Ms Churchill said the NHS 111 referral service, which forms part of the community pharmacy contractual framework, would be important to the sector’s future.
She added that if the service is successful the Department of Health and Social Care plans to expand it to GPs and urgent treatment centres – “but we will do it carefully, based on the evidence”.
The conference later heard that one of the forerunners of the Community Pharmacist Consultation Service – the digital minor illness referral scheme (DMIRS) – was popular. NHS England's Anne Joshua said 81 per cent of patients were satisfied with the service, while 90 per cent of pharmacists had confidence in it.
Ms Joshua said users and GPs found the service reassuring, convenient and of clinical value. There were a small number of patients reporting a negative experience, largely related to their feeling inappropriately referred, or where the pharmacy was unable to complete the care episode and they had to go somewhere else.
Public confidence
To make a success of the funding settlement “we will need to do much more than design and implement new services,” Ms Churchill said. “We will need to work hard to make sure that the public confidence in using community pharmacy services continues to grow, with other part of the NHS proactively signposting people to them, growing trust in the system.
“We will need to reform the way we work to free up pharmacists’ time, so they are able to make optimal use of their clinical skills for patients, and we will need to recognise that we continue to work in an environment where money is limited.”
Shift away from volume focus
Ms Churchill said the Government wanted to help the sector change from a volume-driven model to an outcomes-focused service.
“If we want to join up and transform community services, integration is vital.
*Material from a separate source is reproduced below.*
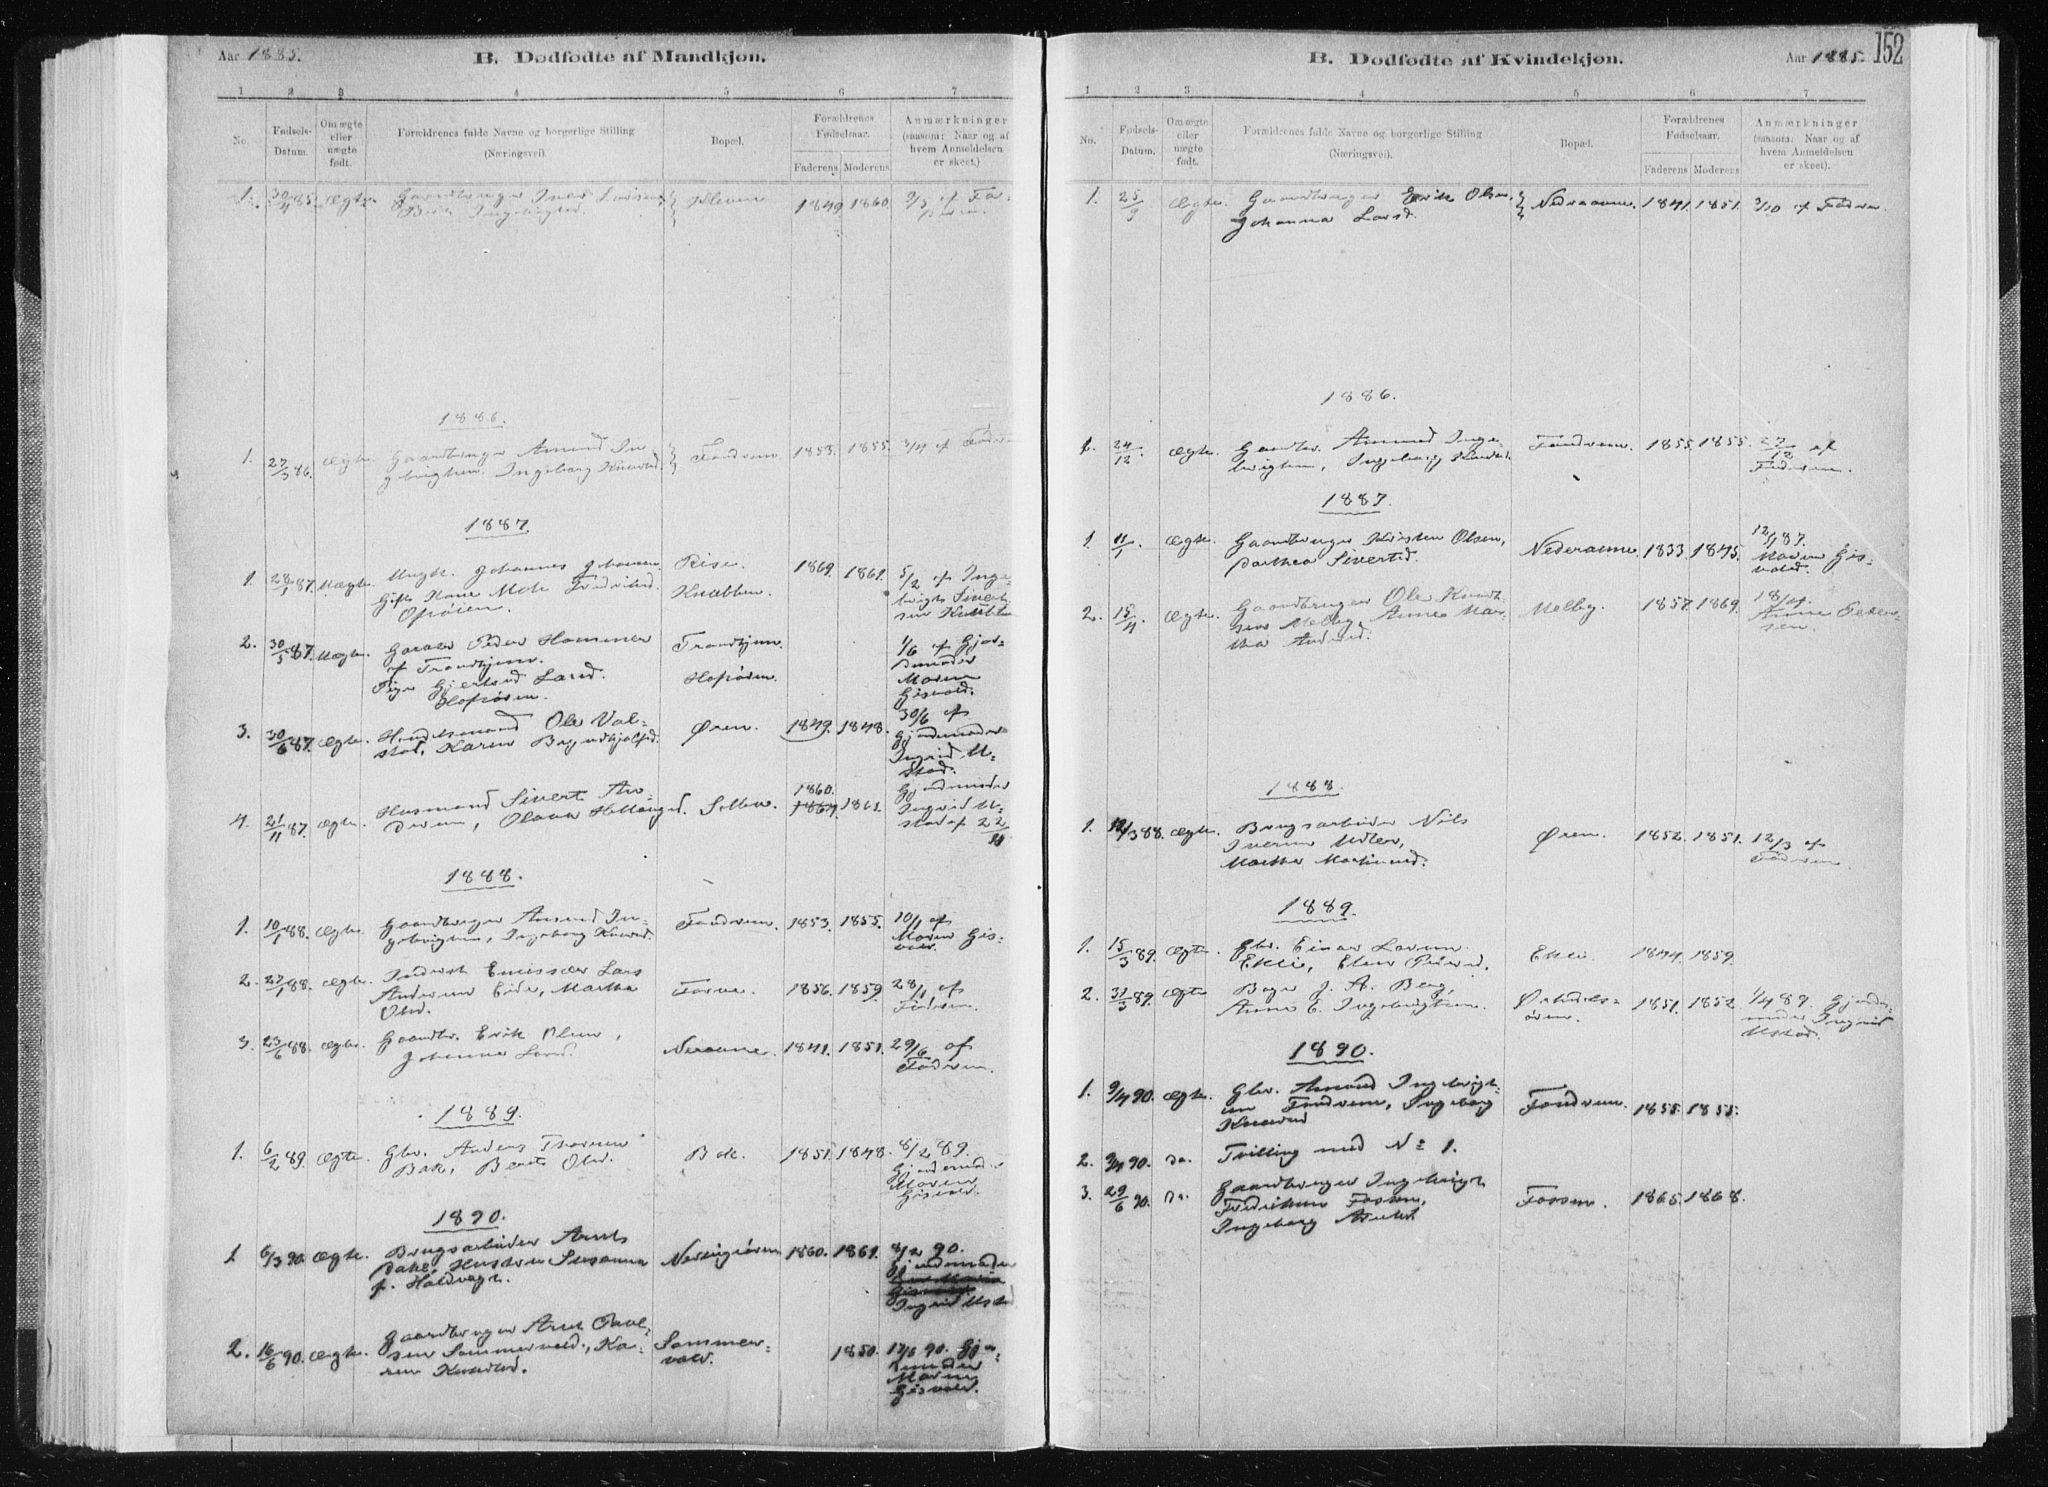 SAT, Ministerialprotokoller, klokkerbøker og fødselsregistre - Sør-Trøndelag, 668/L0818: Klokkerbok nr. 668C07, 1885-1898, s. 152

This requires hard work and culture change,” she added, noting that the role of local pharmaceutical committees would be key in hardwiring community pharmacy services into local care pathways to meet local priorities.
“I recognise this is a very different way of working, and it will take time to get it right. But these are the changes that have been asked for and there is no better time to start than right now,” she added, promising to continue the development work funded by the Pharmacy Integration Fund and the new test bed pilots announced in the GP contract to explore how pharmacies would be integrated into primary care networks, with referral in and out.